Introduction#


Extended Skip-Gram Model Wikipedia2Vec is a tool for learning embeddings of words and entities from Wikipedia. The learned embeddings map similar words and entities close to one another in a continuous vector space.

This tool learns embeddings of words and entities by iterating over entire Wikipedia pages and jointly optimizing the following three submodels:

  • Wikipedia link graph model, which learns entity embeddings by predicting neighboring entities in Wikipedia's link graph, an undirected graph whose nodes are entities and edges represent links between entities, given each entity in Wikipedia. Here, an edge is created between a pair of entities if the page of one entity has a link to that of the other entity or if both pages link to each other.

  • Word-based skip-gram model, which learns word embeddings by predicting neighboring words given each word in a text contained on a Wikipedia page.

  • Anchor context model, which aims to place similar words and entities near one another in the vector space, and to create interactions between embeddings of words and those of entities. Here, we obtain referent entities and their neighboring words from links contained in a Wikipedia page, and the model learns embeddings by predicting neighboring words given each entity.

These three submodels are based on the skip-gram model, which is a neural network model with a training objective to find embeddings that are useful for predicting context items (i.e., neighboring words or entities) given a target item.

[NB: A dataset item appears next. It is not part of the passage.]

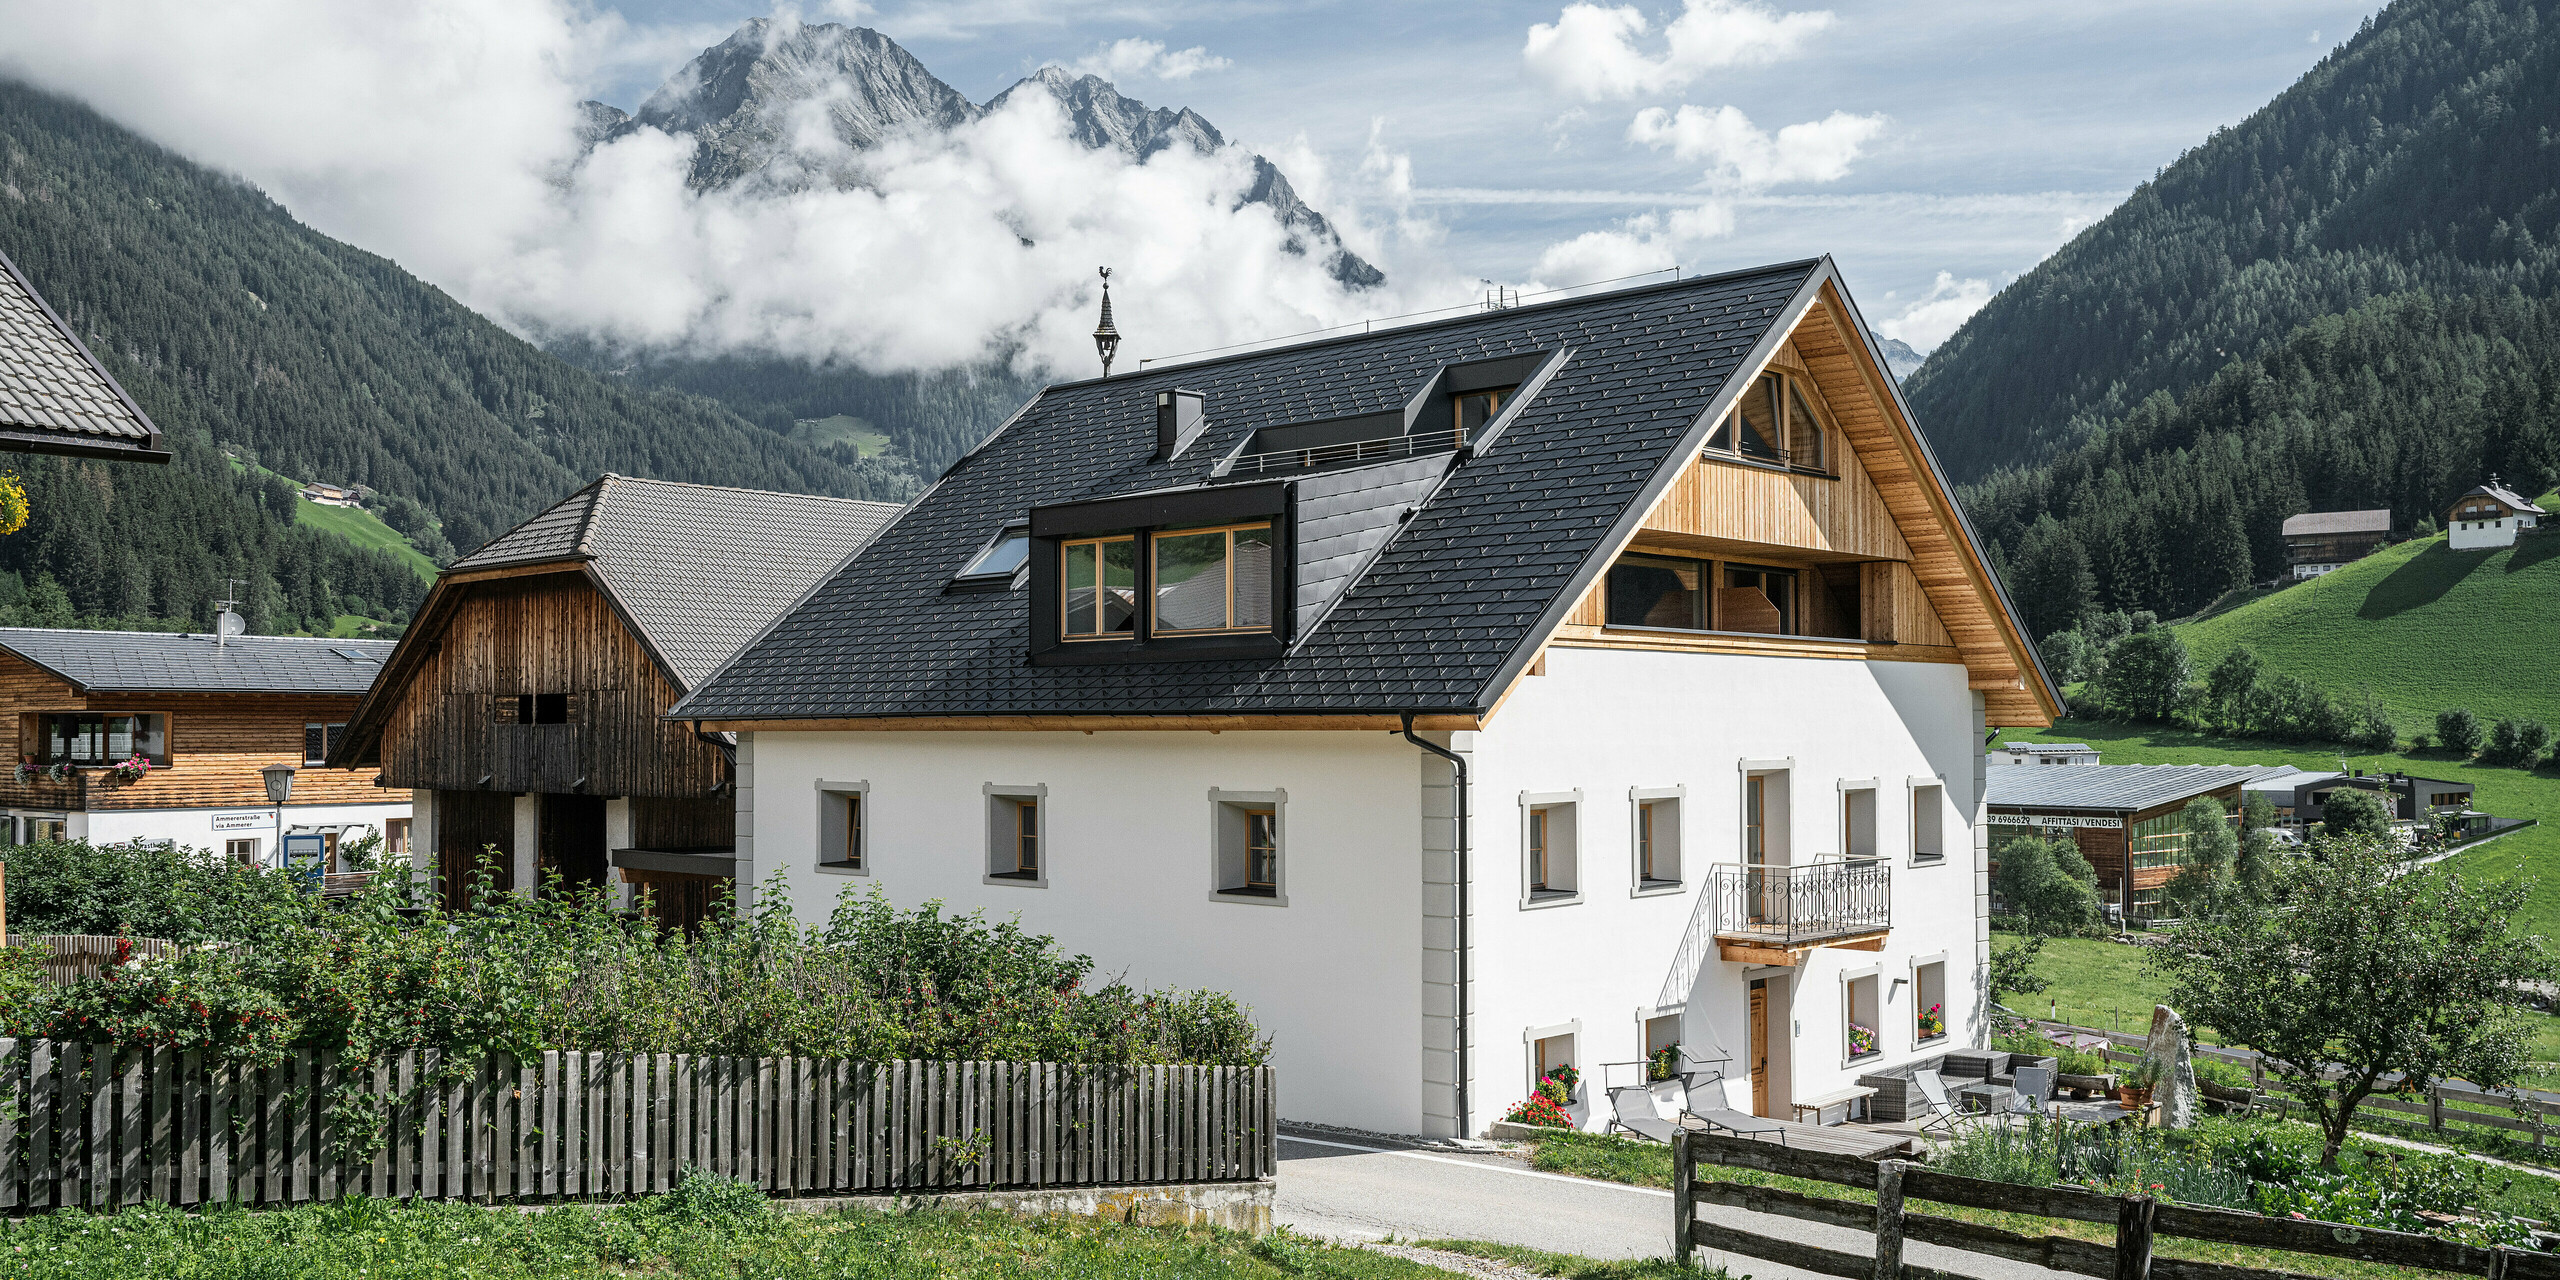 Celkový pohľad na rekreačné apartmány Ausserwegerhof v idylickom údolí Antholz, Južné Tirolsko, pokryté strešným šindľom PREFA DS.19 v antracitovej farbe. Tradičná stavba sa snúbi s modernými prvkami a ponúka malebný výhľad na majestátnu horskú kulisu, tajomne obklopenú mrakmi. Ausserwegerhof v strede obrázku je obklopený klasickými farmami a zelenými lúkami.

For further details, please refer to this paper: Joint Learning of the Embedding of Words and Entities for Named Entity Disambiguation.

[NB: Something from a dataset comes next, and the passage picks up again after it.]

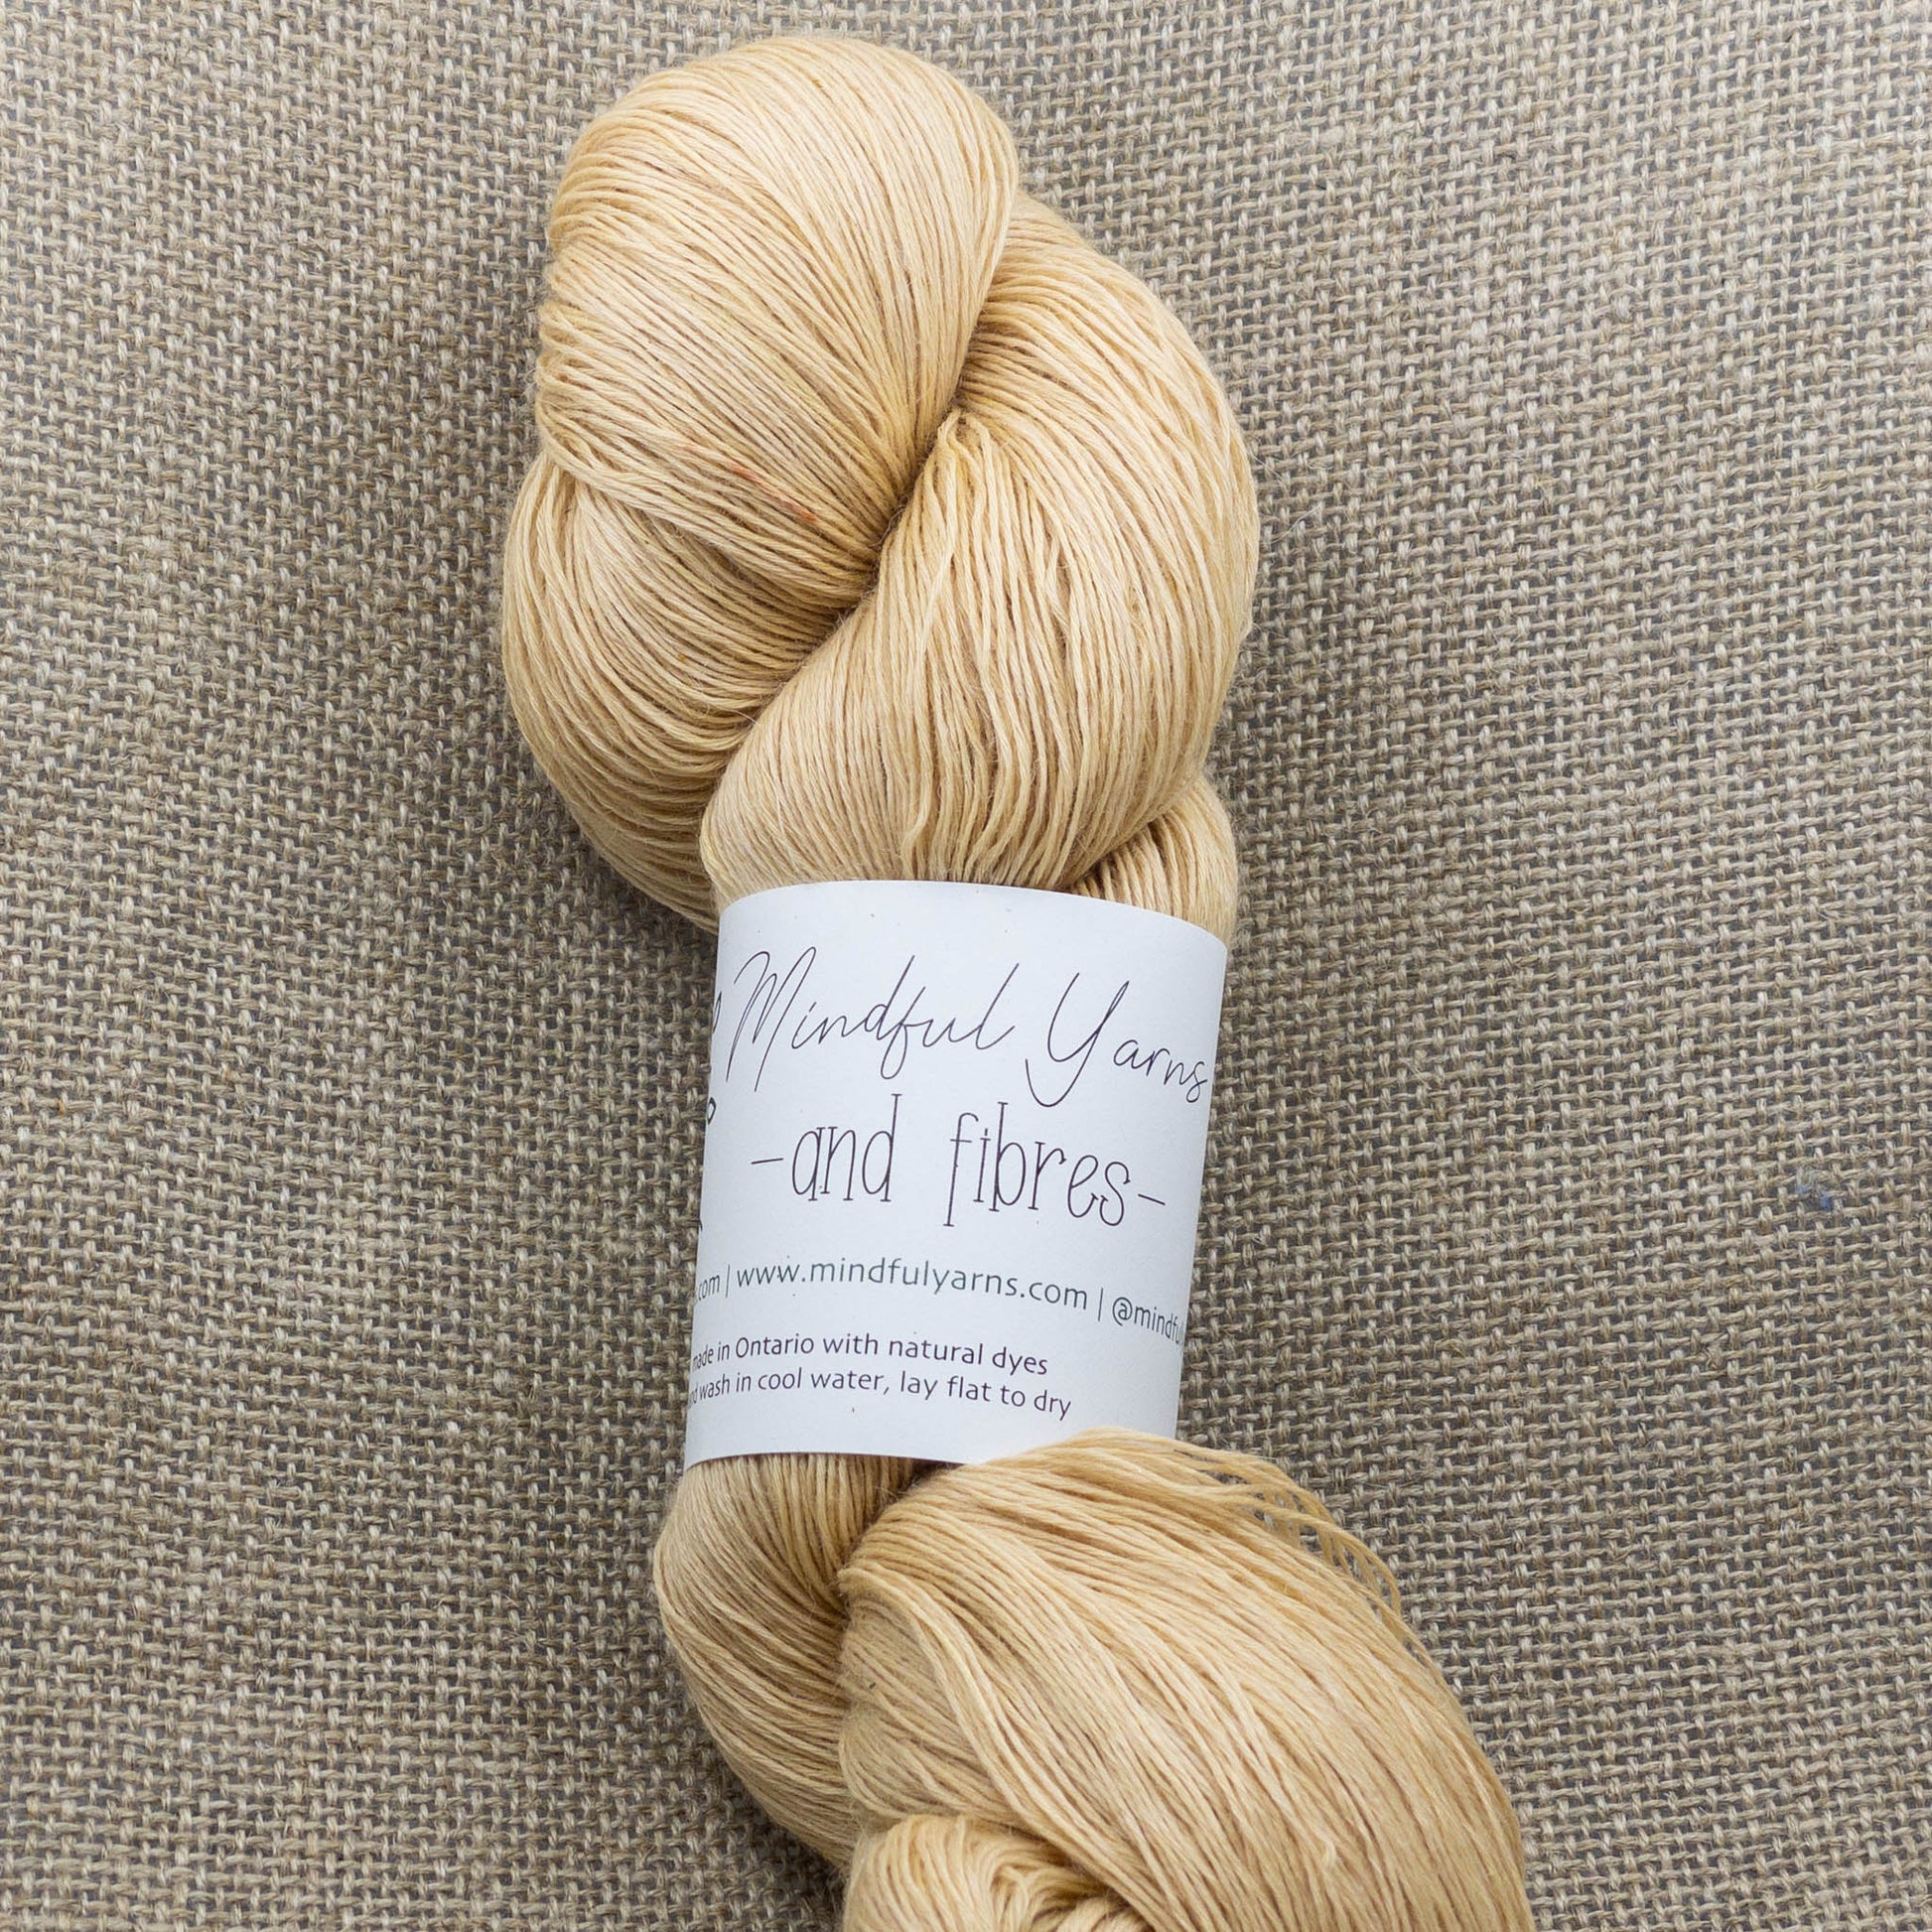 Alpaca Tencel Nylon Lace Weight Yarn - Mindful Yarns - Quebracho 0410

Optimized Implementation for Learning Embeddings#

Wikipedia2Vec is implemented in Python, and most of its code is converted into C++ using Cython to boost its performance. Linear algebraic operations required to learn embeddings are performed by Basic Linear Algebra Subprograms (BLAS). We store the embeddings as a float matrix in a shared memory space and update it in parallel using multiple processes.

One challenge is that many entity names do not appear as links in Wikipedia. This is because Wikipedia instructs its contributors to create a link only when the name first occurs on the page. This is problematic because Wikipedia2Vec uses links as a source to learn embeddings.

To address this, our tool provides a feature that automatically generates links. It first creates a dictionary that maps each entity name to its possible referent entities. This is done by extracting all names and their referring entities from all links contained in Wikipedia. Then, during training, our tool takes all words and phrases from the target page and converts each into a link to an entity, if the entity is referred by a link on the same page, or if there is only one referent entity associated to the name in the dictionary.